Transience in beautiful forms

Building design

from 1972

A Berlin exhibition is dedicated to vanitas artworks by young artists and claims: “Nothing is eternal anyway”. The ephemeral has always exerted a great fascination on artists. For a long time, they depicted transience – drawn, carved, painted on wood and canvas. Sometimes the decay of the body was the subject and motif, sometimes death peeked out as a reminder […]

A Berlin exhibition is dedicated to vanitas artworks by young artists and claims: “Nothing is eternal anyway”.

The ephemeral has always exerted a great fascination on artists. For a long time, they depicted transience – drawn, carved, painted on wood and canvas. Sometimes the decay of the body was the subject and motif, sometimes death was just peeking around the corner as a reminder. In the great still lifes of the Baroque period, art celebrated exuberant life and used small hints, shimmering insects, attractively arranged skulls and the odd slightly withered stem to depict the threat of transience as a small, pretty gesture. But if such a work is really in danger of fading away, restorers help to preserve it.

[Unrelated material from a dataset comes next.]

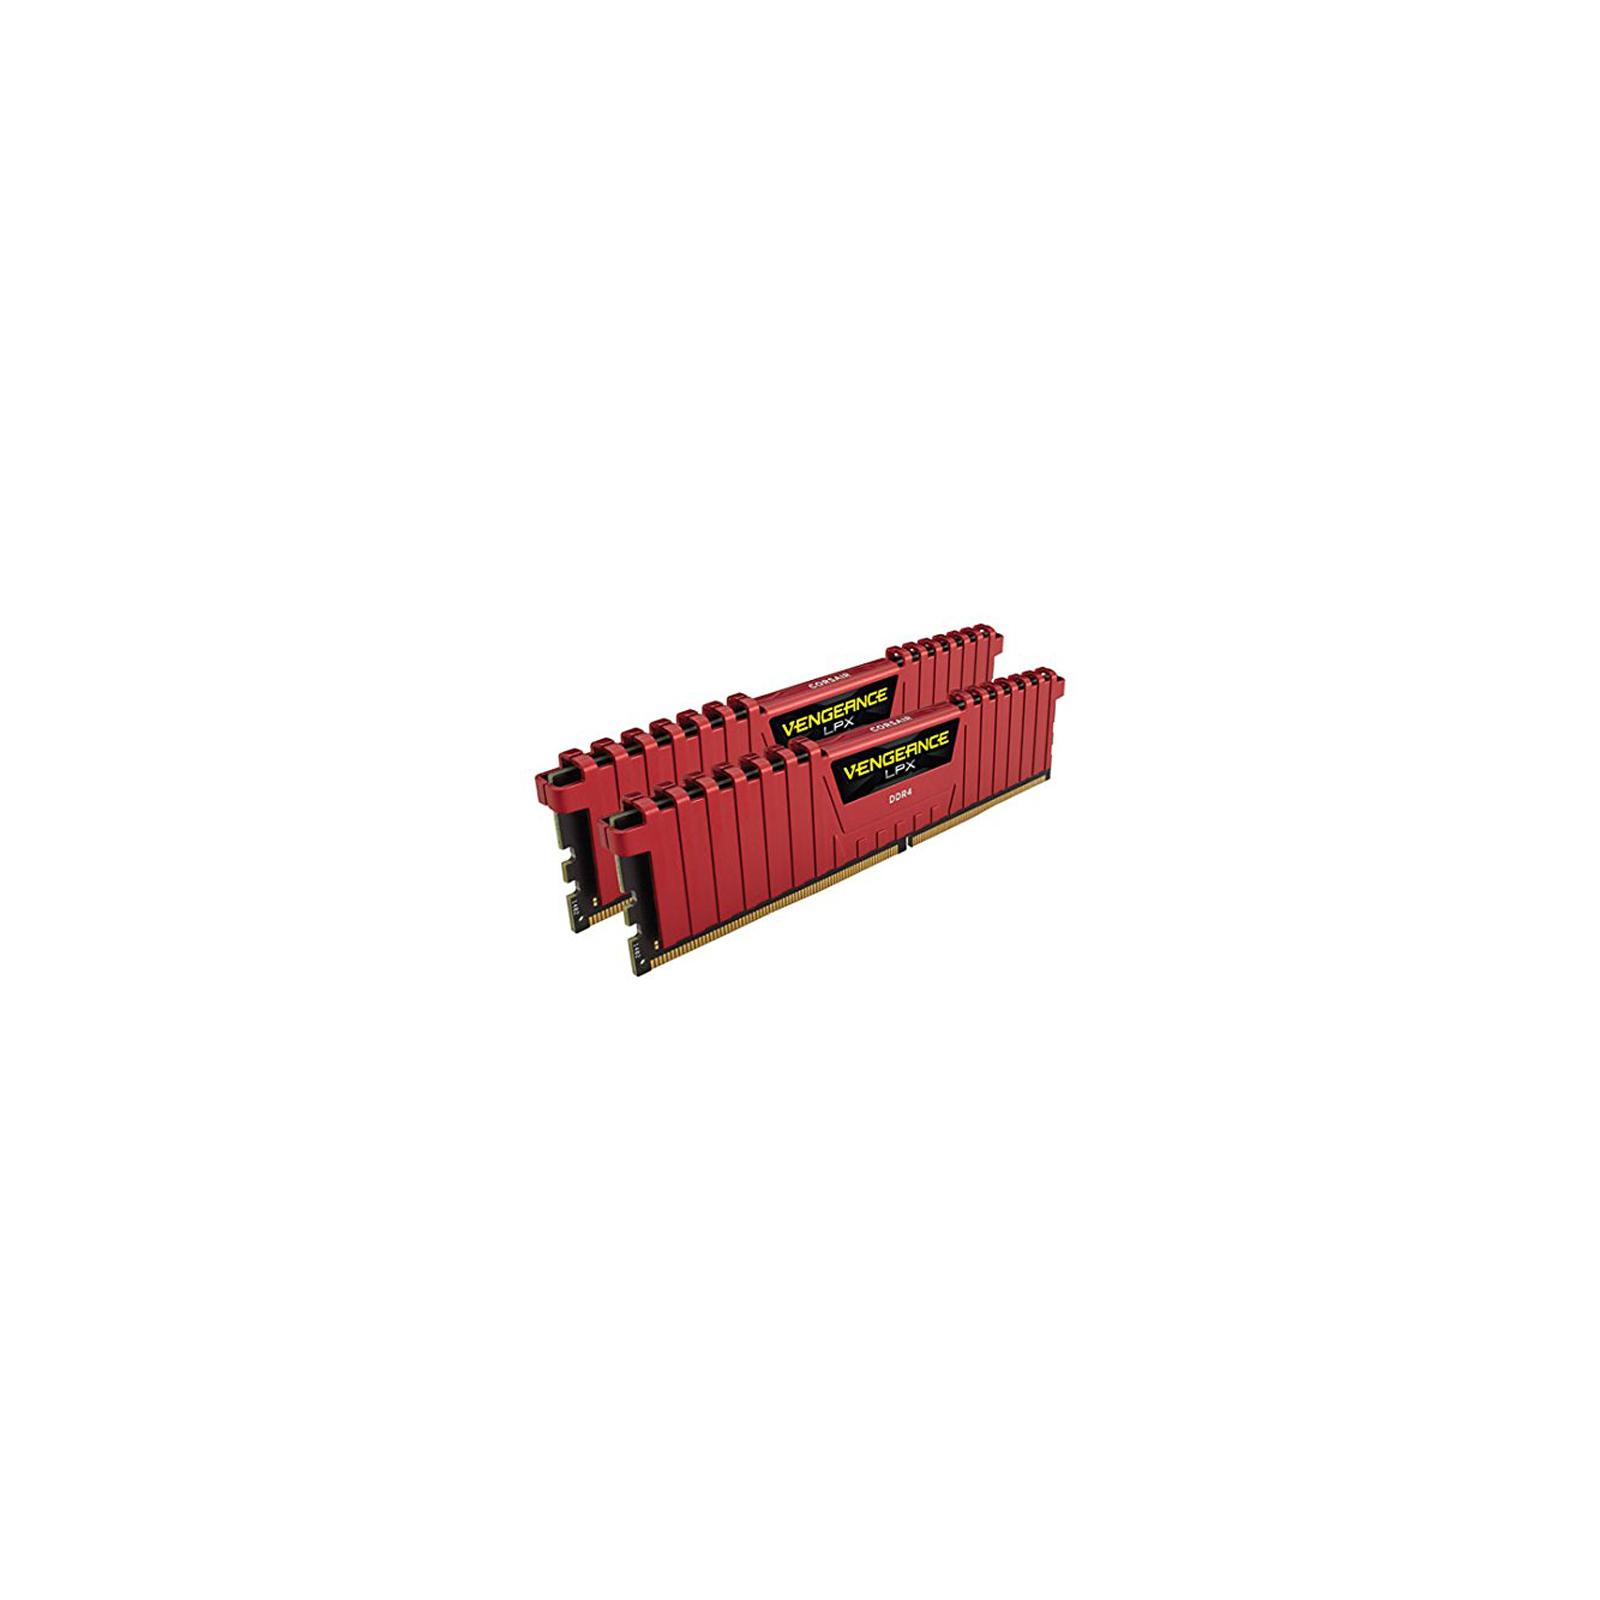 Модуль памяти для компьютера DDR4 16GB (2x8GB) 3000 MHz Vengeance LPX Red CORSAIR (CMK16GX4M2B3000C15R) изображение 3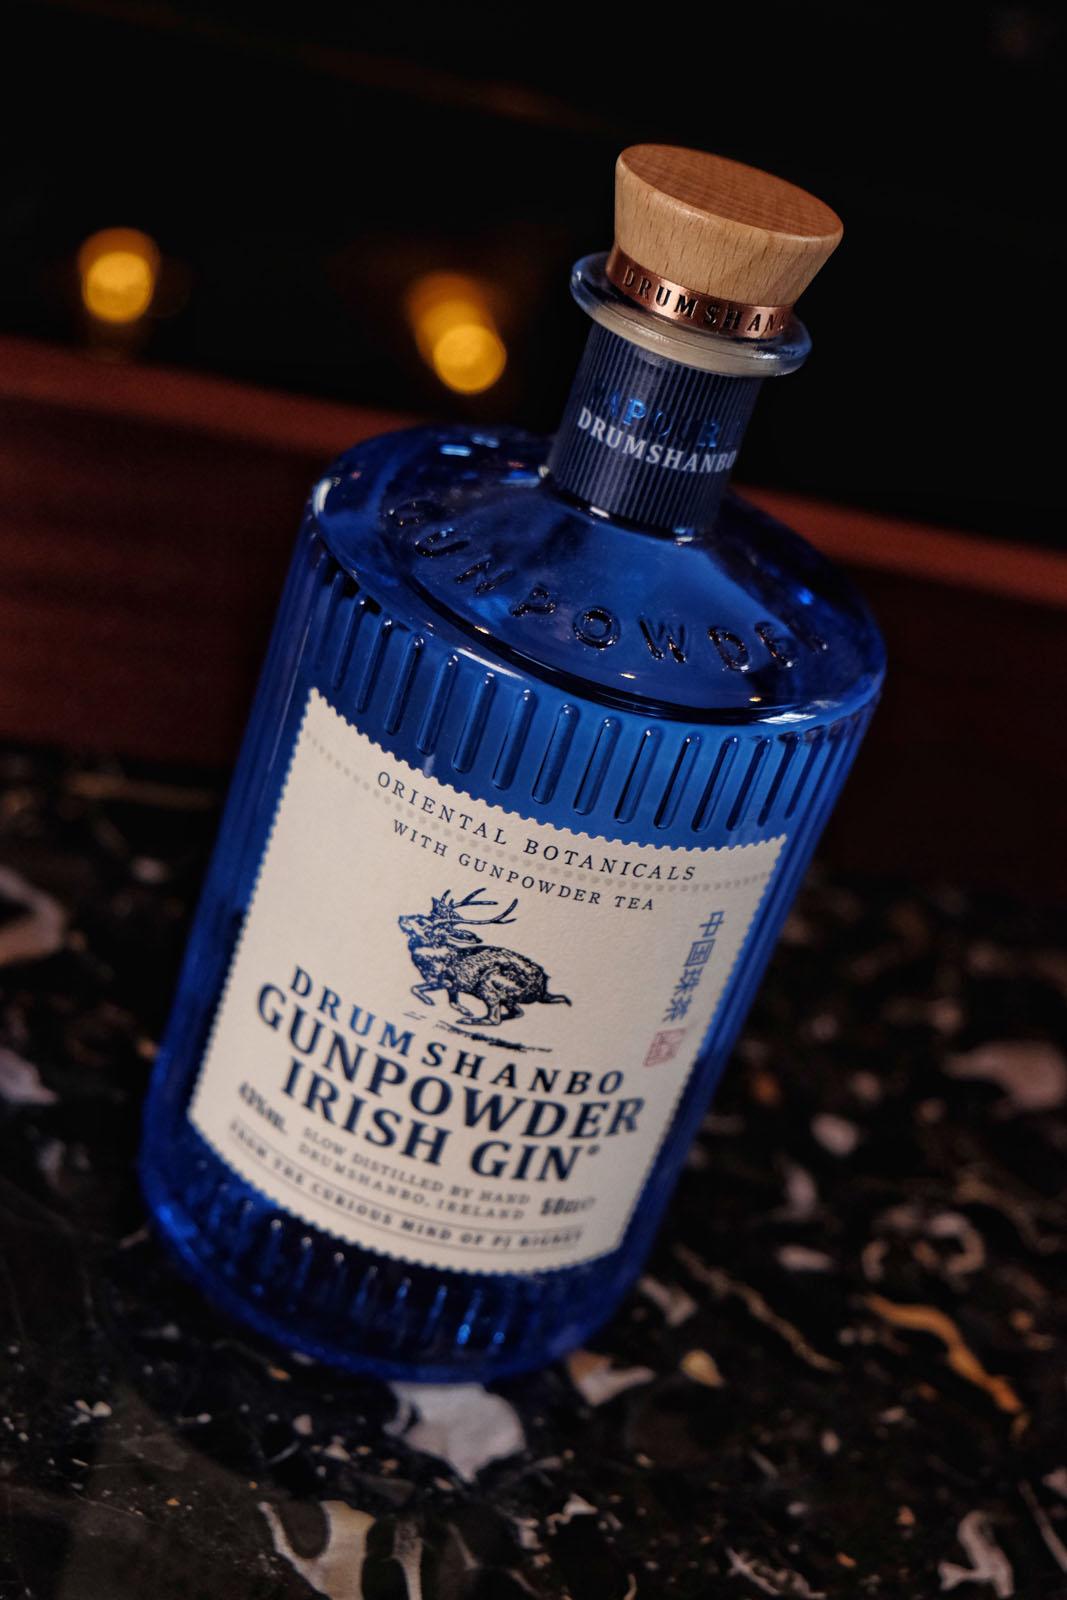 Drumshanbo Gunpowder Irish gin mood

7_Dieter-Roth-Karnickelköttelkarnickel-ab-1972-Kaninchenstroh-Kaninchenköttel-21-x-10-x-19-cm-©-Georg-Kolbe-Museum-Berlin-Foto-Markus-Hilbich
Dieter Roth: Karnickelköttelkarnickel, from 1972, Rabbit straw pressed into the shape of a rabbit, rabbit droppings, 21 x 10 x 19 cm © Dieter Roth Foundation, Photo: Markus Hilbich, Berlin

The artists’ attitude to the disappearance of their own work has, of course, changed fundamentally. Food, flowers and ephemeral objects are no longer just depicted, but used – even at the cost of the direct, physical death of the artwork. Dieter Roth, the artist who worked most intensively with food, completely rejected restorations: “Works of art should change like people, grow older and die,” Roth said. Consequently, many of his works are now just indefinable heaps – past and lost for exhibitions. However, a rabbit figure made of rabbit dung, “Karnickelköttelkarnickel”, is well preserved and can be seen in the exhibition “Vanitas – Ewig ist eh nichts” at the Georg Kolbe Museum in Berlin. It is one of the oldest examples of art that thematizes decay shown in this exhibition.

Because the exhibition wants to show: The theme preoccupies artists of all generations – even the youngest. That is why the Sculpture Museum had no difficulty in finding works by younger artists and inspiring some of them to create new works. For example, there are Mona Hatoum’s hand grenades made of hand-blown Murano glass that shimmer like precious objects, a self-portrait by Thomas Schütte reminiscent of death masks or the skeleton-like figures by Pawel Althamer. They are all concerned – in a rather traditional way – with the passing of time as a process of life.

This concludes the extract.